About structs and performant handling

deadalnix deadalnix at gmail.com
Tue Mar 12 07:59:06 PDT 2013


On Tuesday, 12 March 2013 at 11:24:43 UTC, Namespace wrote:
> On Tuesday, 12 March 2013 at 09:38:19 UTC, deadalnix wrote:
>> On Tuesday, 12 March 2013 at 09:24:11 UTC, Namespace wrote:
>>>> You never gave any rationale reason on that.
>>>
>>> Because I just like to have the control over what is passed 
>>> by ref and what by value.
>>
>> I'm sorry, but what you like is exactly the opposite of a 
>> rational example.
>
> I'll always like to disabuse. So why do you think this is not a 
> rational example? And what would a rational example for you?

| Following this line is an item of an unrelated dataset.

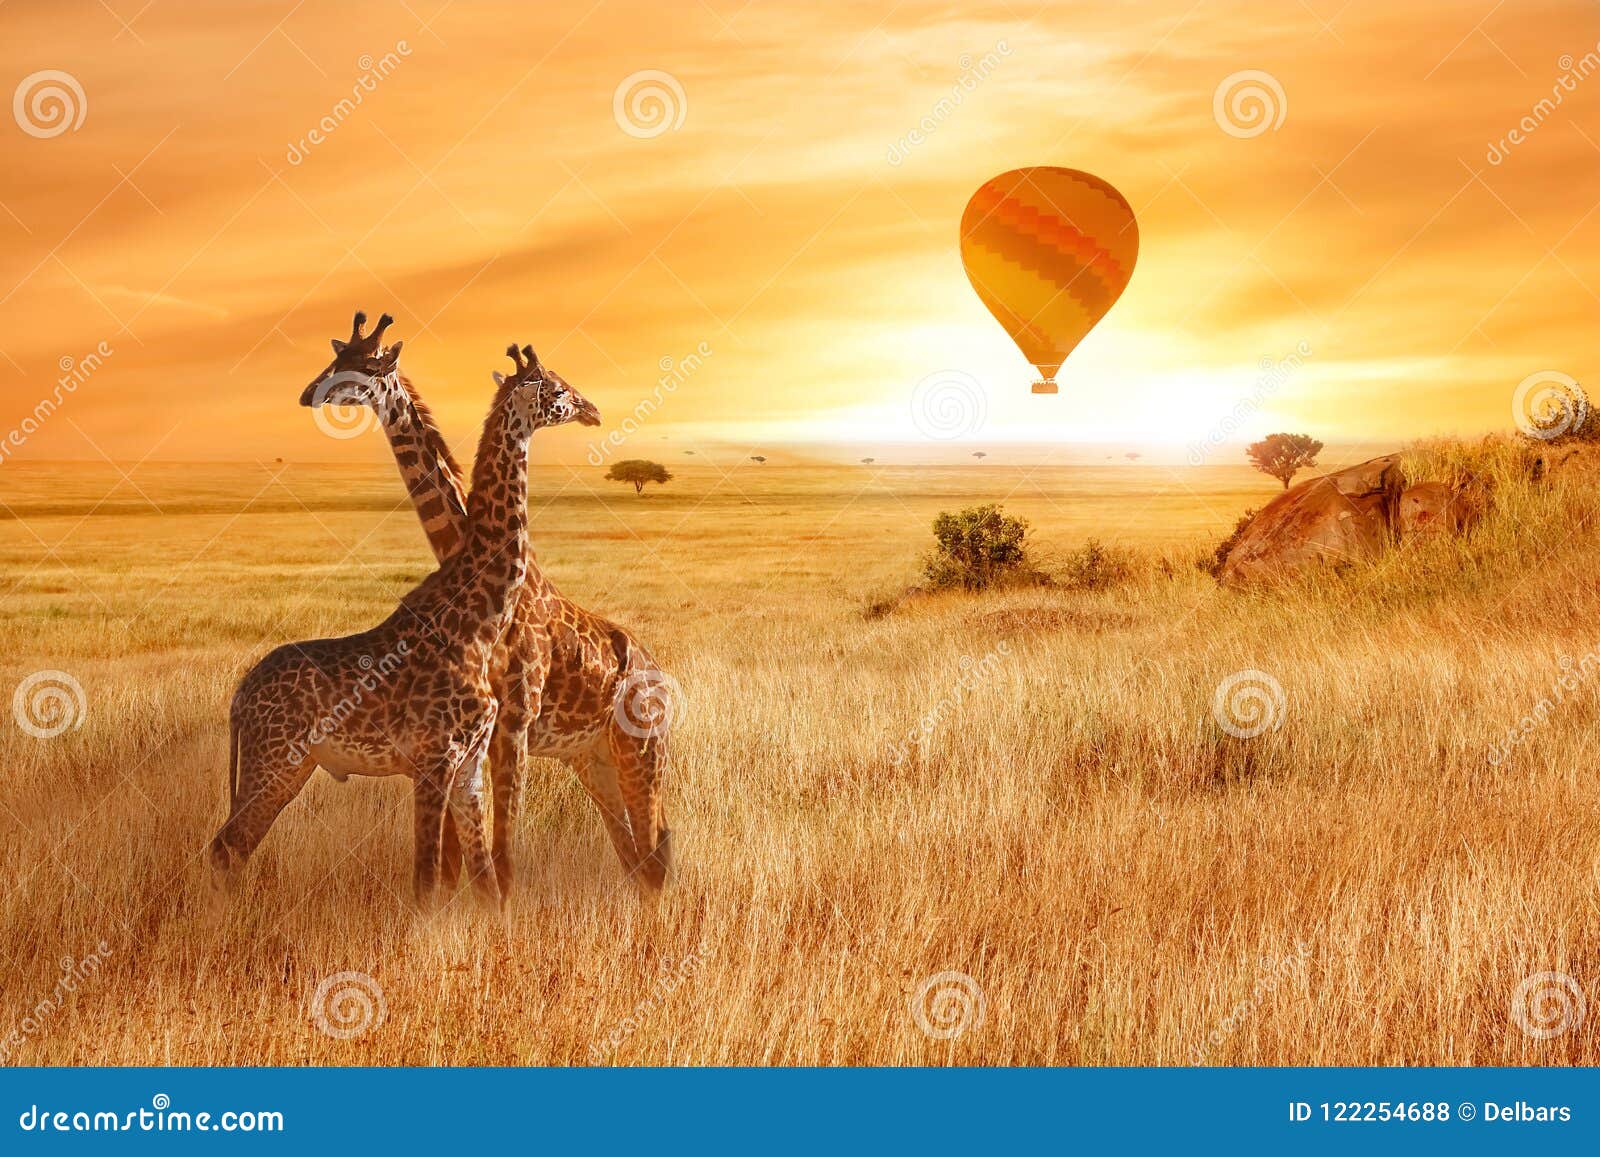 giraffes in the african savanna against the background of the orange sunset. flight of a balloon in the sky above the savanna. afr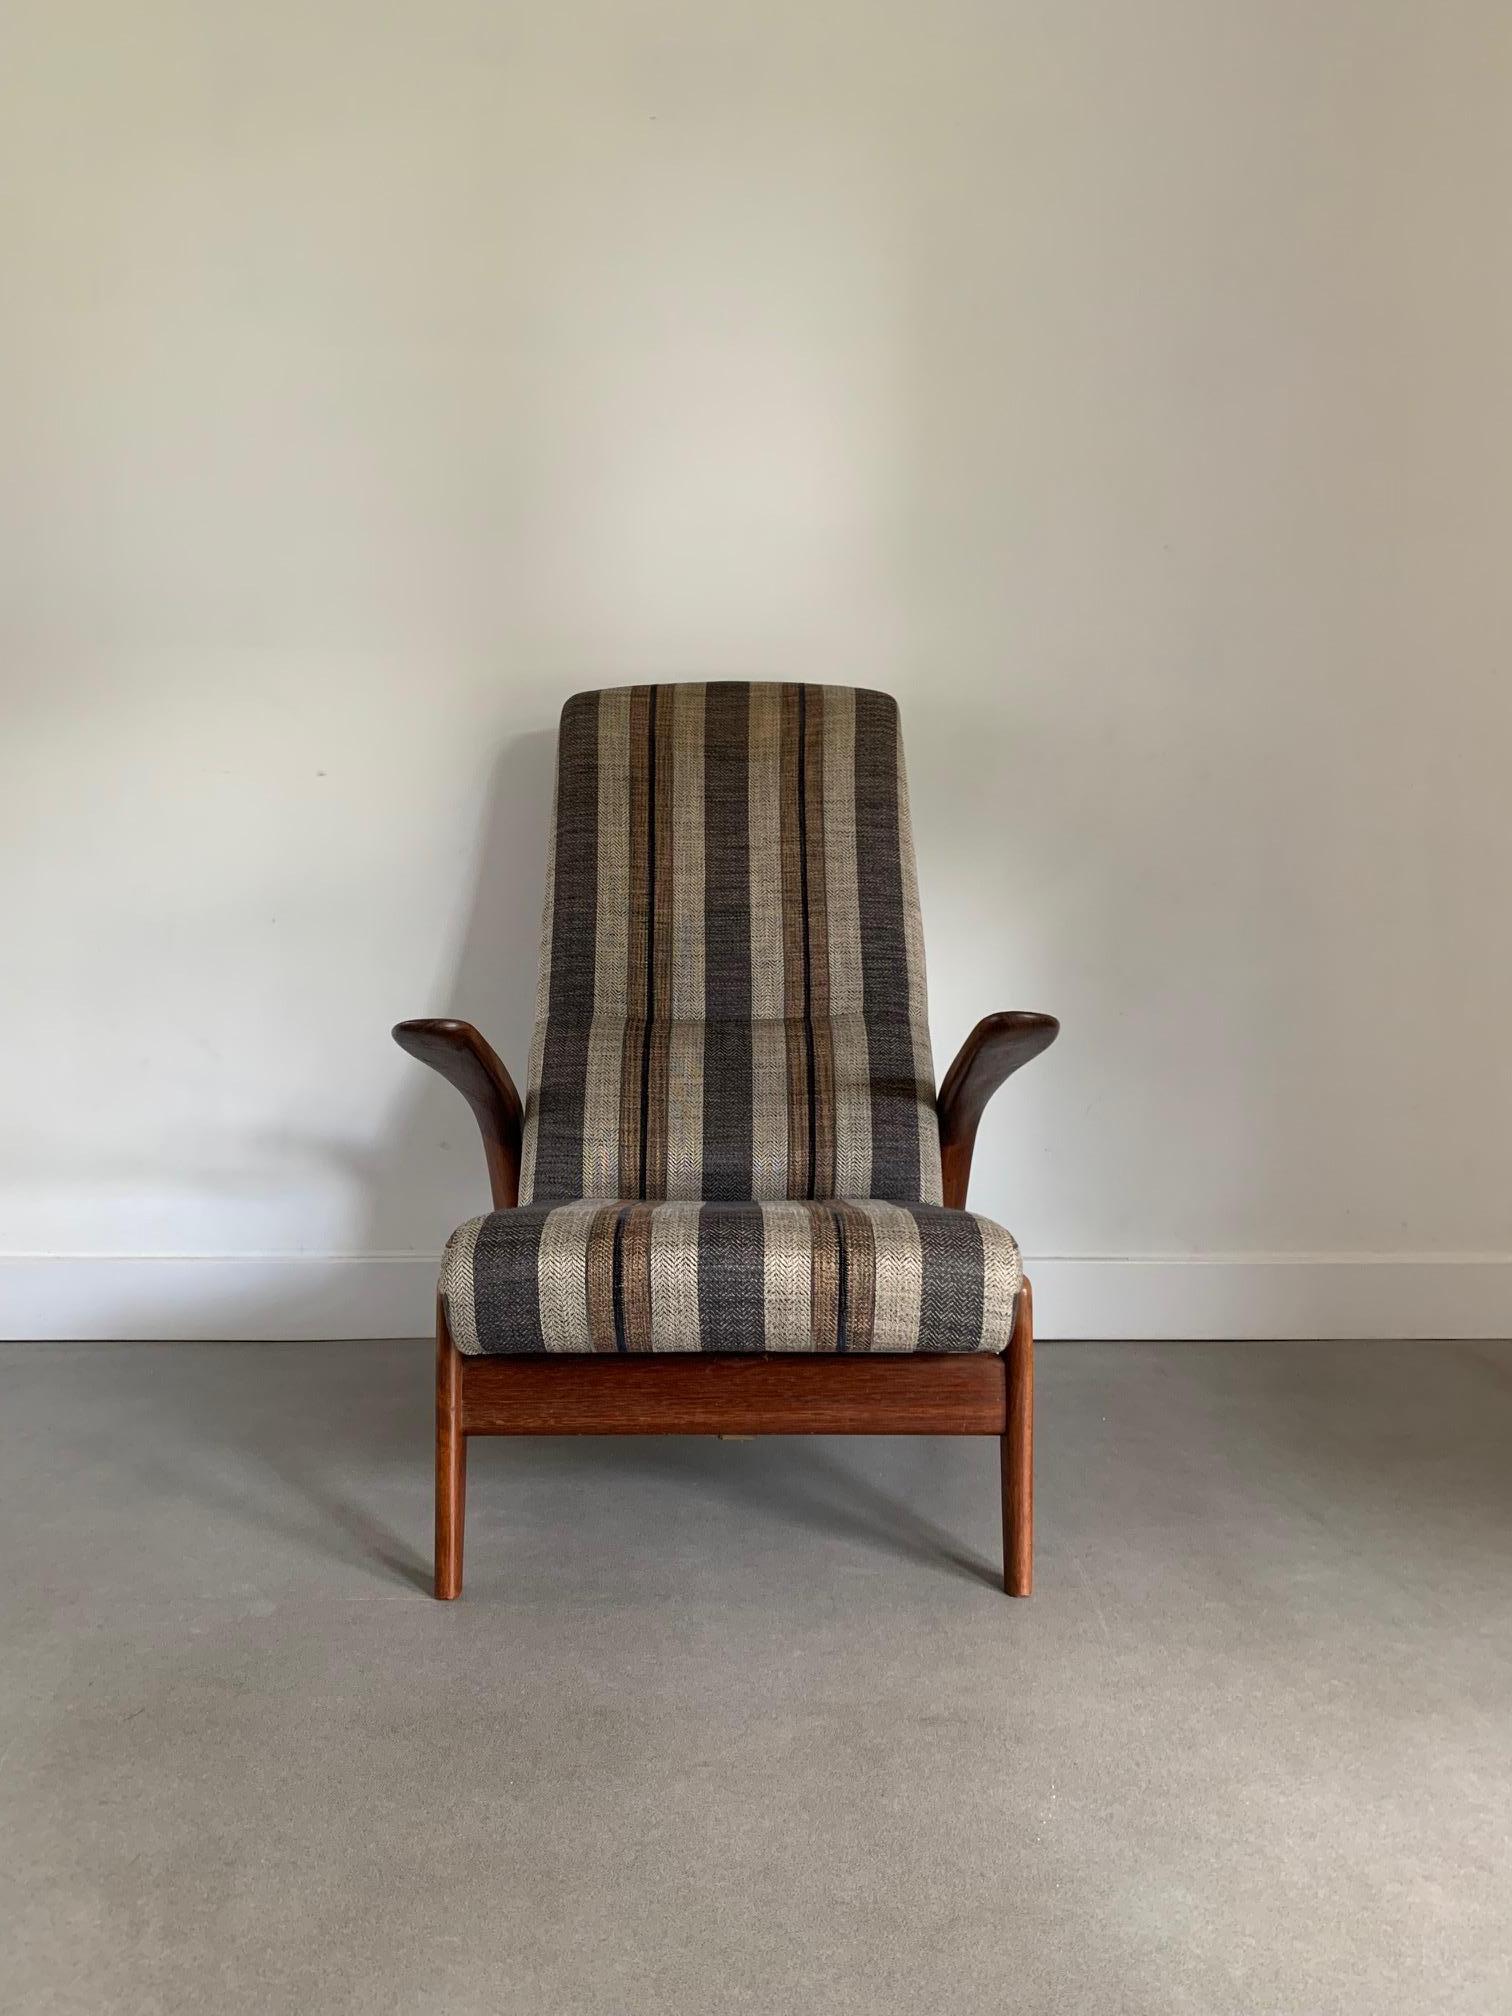 The Rock'n Rest easy chair by Rastad & Relling is a classic and iconic design in Scandinavian furniture. This rocking chair was designed by the Norwegian designers Nils Rastad and Anders Relling in the 1960s and has since become a symbol of

Let's consider the given example :

struct Foo {
     uint i;
     this(this) {
         writeln("foo");
     }
}

void bar(Foo f) {
     writeln("bar");
}

uint main() {
     Foo f;
     f.i = 42;
     bar(f);
     return f.i,
}

You think you pass by value ? In fact, if you let the optimizer 
do its job, you don't even have a function call. Thing gets 
rewriten this way :

uint main() {
     writeln("foo");
     writeln("bar");
     return 42;
}

You have no function call and no pass by value anymore. In fact, 
the only thing the current definition garantee it that you have 
the side effect of the postblit (ie, memory allocation, etc . . 
.), but nothing is said about having an actual function call or a 
pass by value.

If you think you control the code that way, you are living a 
delusional world, because the compiler rewrite everything under 
you. You are asking to keep that illusion in place by asking for 
an explicit syntax to allow the optimization to take place.

And note that this is very good thing as the code generated is 
much faster and the code much cleaner. If you had to specify 
optimisations, you'd get them wrong, you'd forget them, your code 
would be less reliable, slower and less readable.